Some school districts have already started trying to integrate schools by socioeconomic status, using voluntary school-choice programs and creating magnet theme schools. Kahlenberg recommends expanding those efforts, and making sure charter schools try to be socioeconomically integrated, too.
Higher Education
Race-based affirmative-action programs for college admissions lasted a long time, but might be on their way out amongst political pressure and court challenges. Between 1996 and 2012, eight states, including California, Michigan, and Nebraska, banned racial preferences in public-university admissions. Given this, public universities should seek to implement class-based affirmative-action policies.

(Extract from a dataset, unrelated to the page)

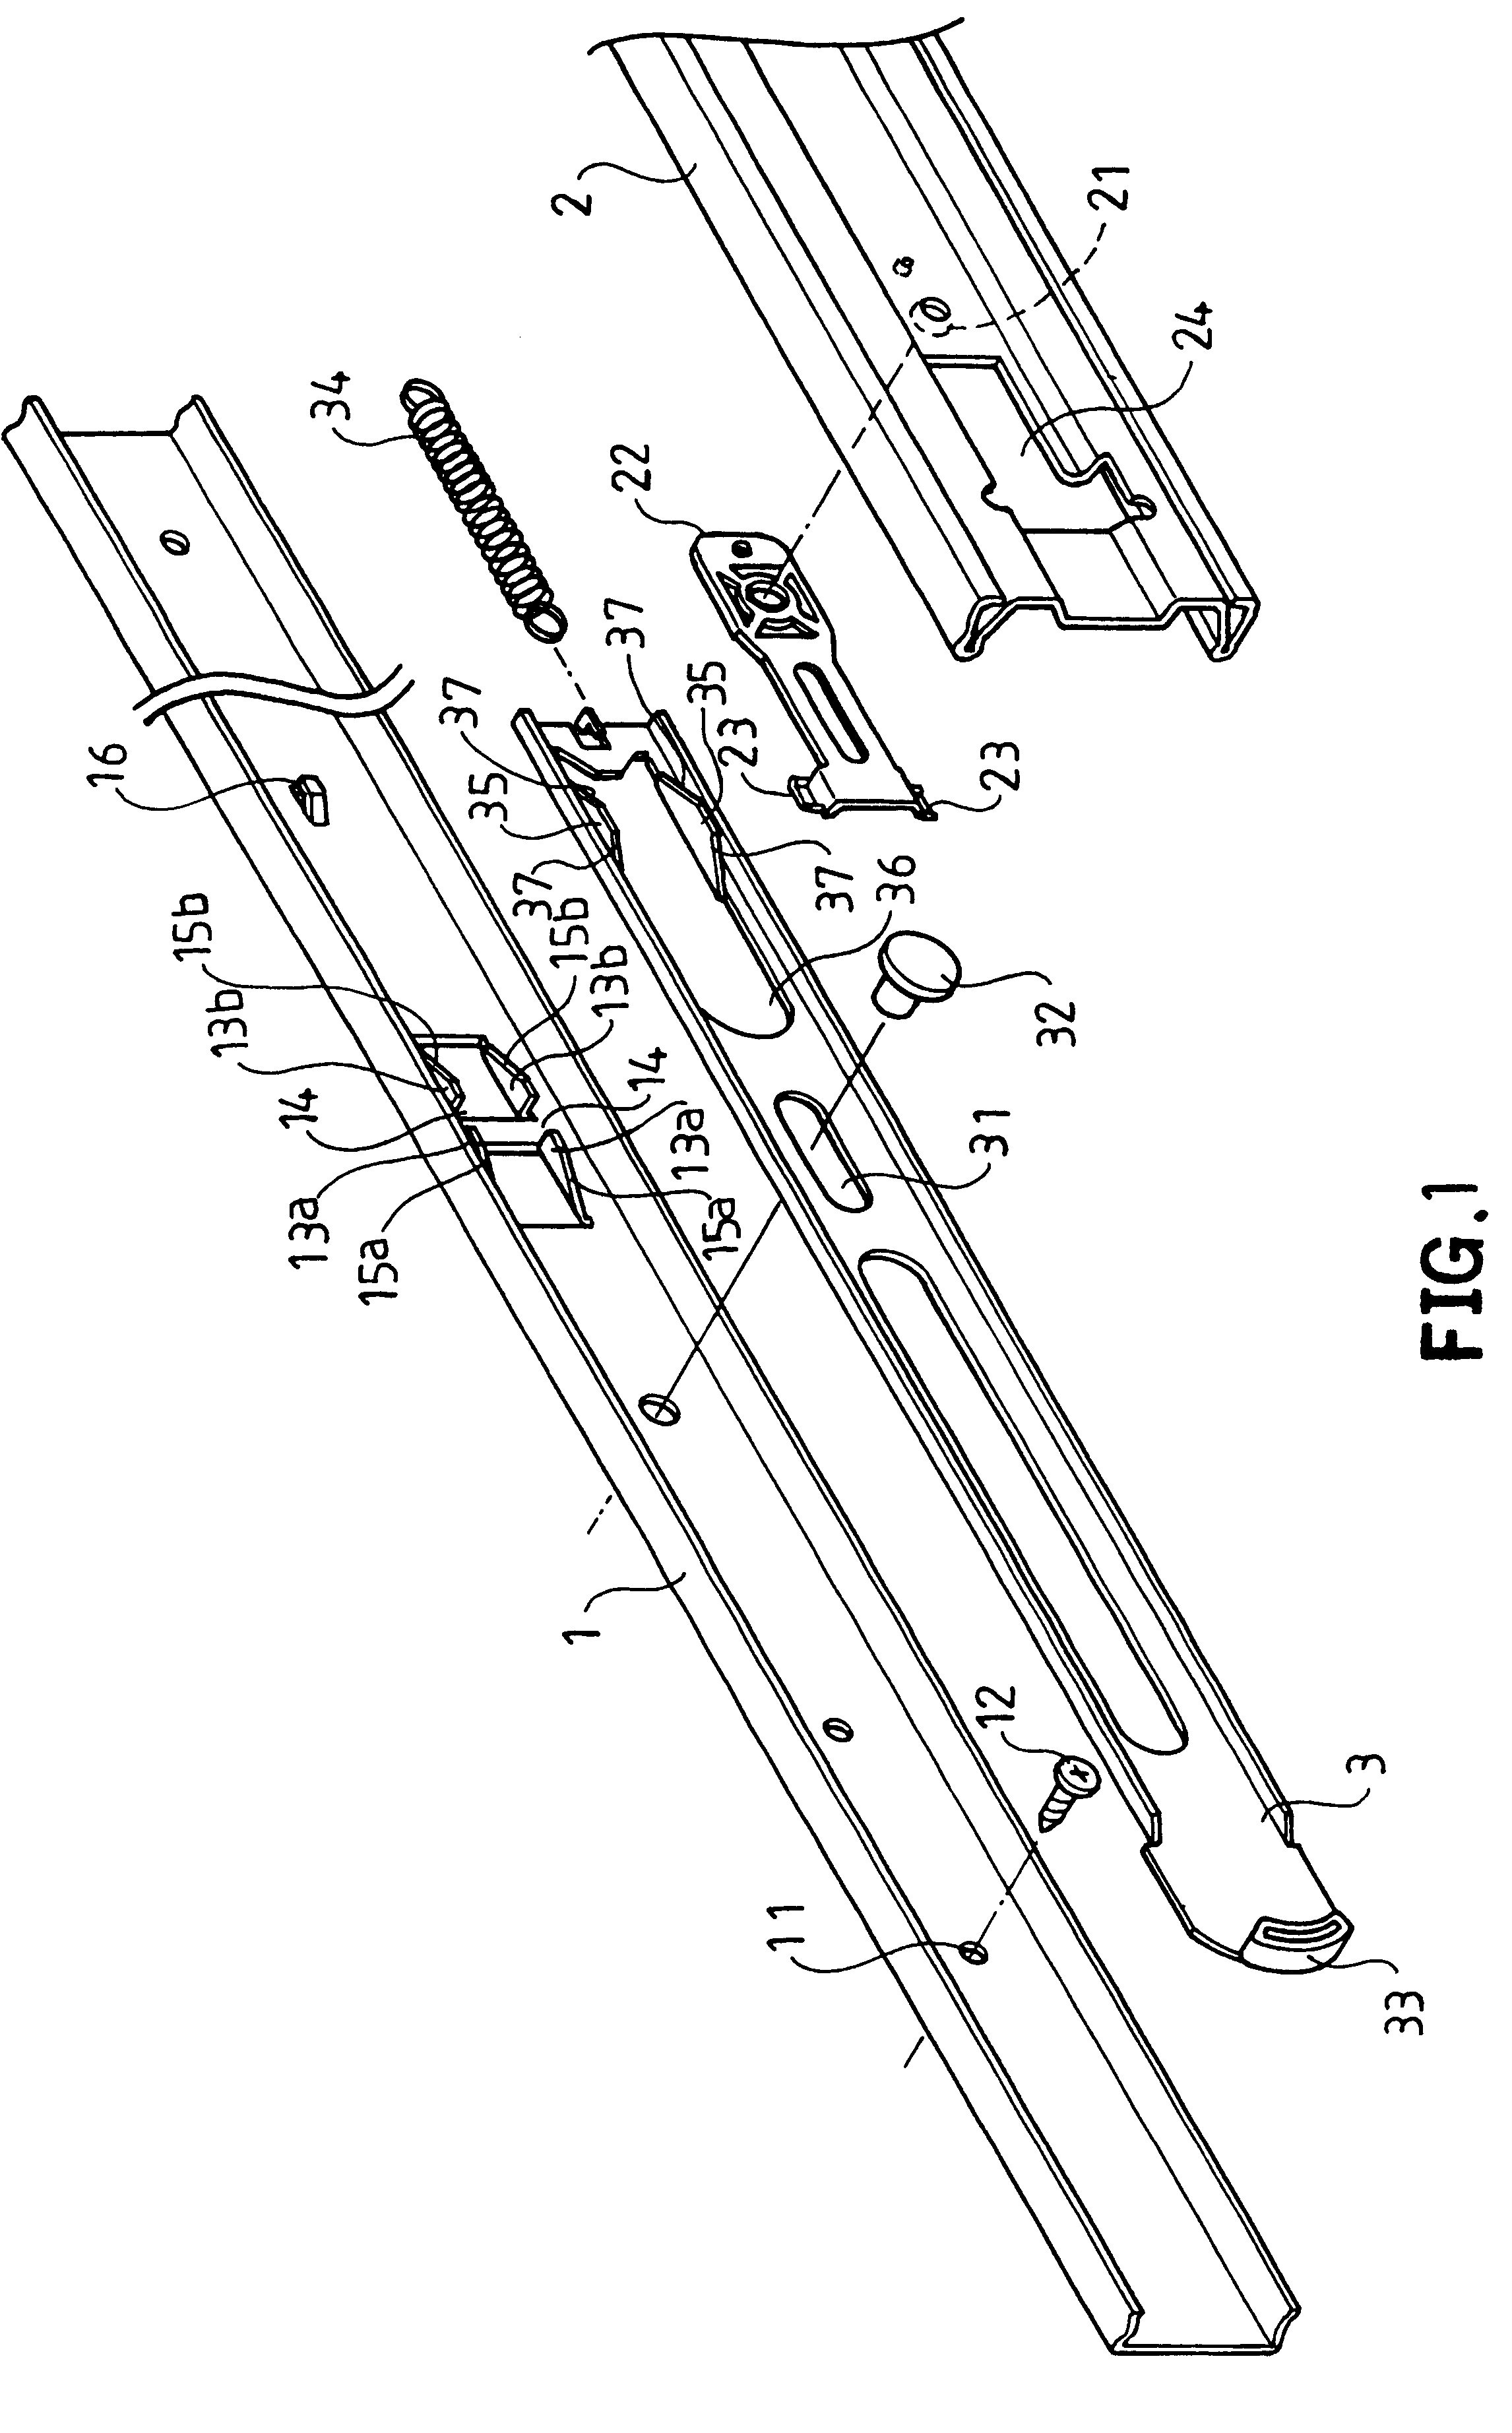 Lock snap structure of slide rail

Some already have—Texas’s “Top Ten” program automatically admits students of the top tier to every public university in the state, for instance, which produces economic diversity.
The Workforce
The Civil Rights Act of 1964 tried to prevent racial discrimination in the workplace and open opportunities for minority candidates. That should be amended to protect workers against discrimination for trying to form a union, Kahlenberg argues here and in his 2012 book, Why Labor Organizing Should be a Civil Right. It’s not impossible—just yesterday, Senator Patty Murray and Representative Bobby Scott proposed legislation aimed at strengthening protections for people who choose to organize.
It’s unlikely to go anywhere, but, Kahlenberg argues, “boosting the ranks of unionized workers, in turn, could help workers bargain for their fair share of productivity gains, which would help reduce income inequality.”
Kahlenberg’s prescriptions for reducing inequality won’t appeal to everyone. He admits that some of the policy solutions are likely to be enacted first in more liberal cities and states that have already passed progressive minimum-wage laws. But his paper should be a reminder that it may be time to stop talking about the death of the American dream, and time to start doing something about it.
“We’ve reached such an extreme point of inequality in our society—you even have people like Jeb Bush talking about we have too much inequality,” he told me. “Something has to be done.”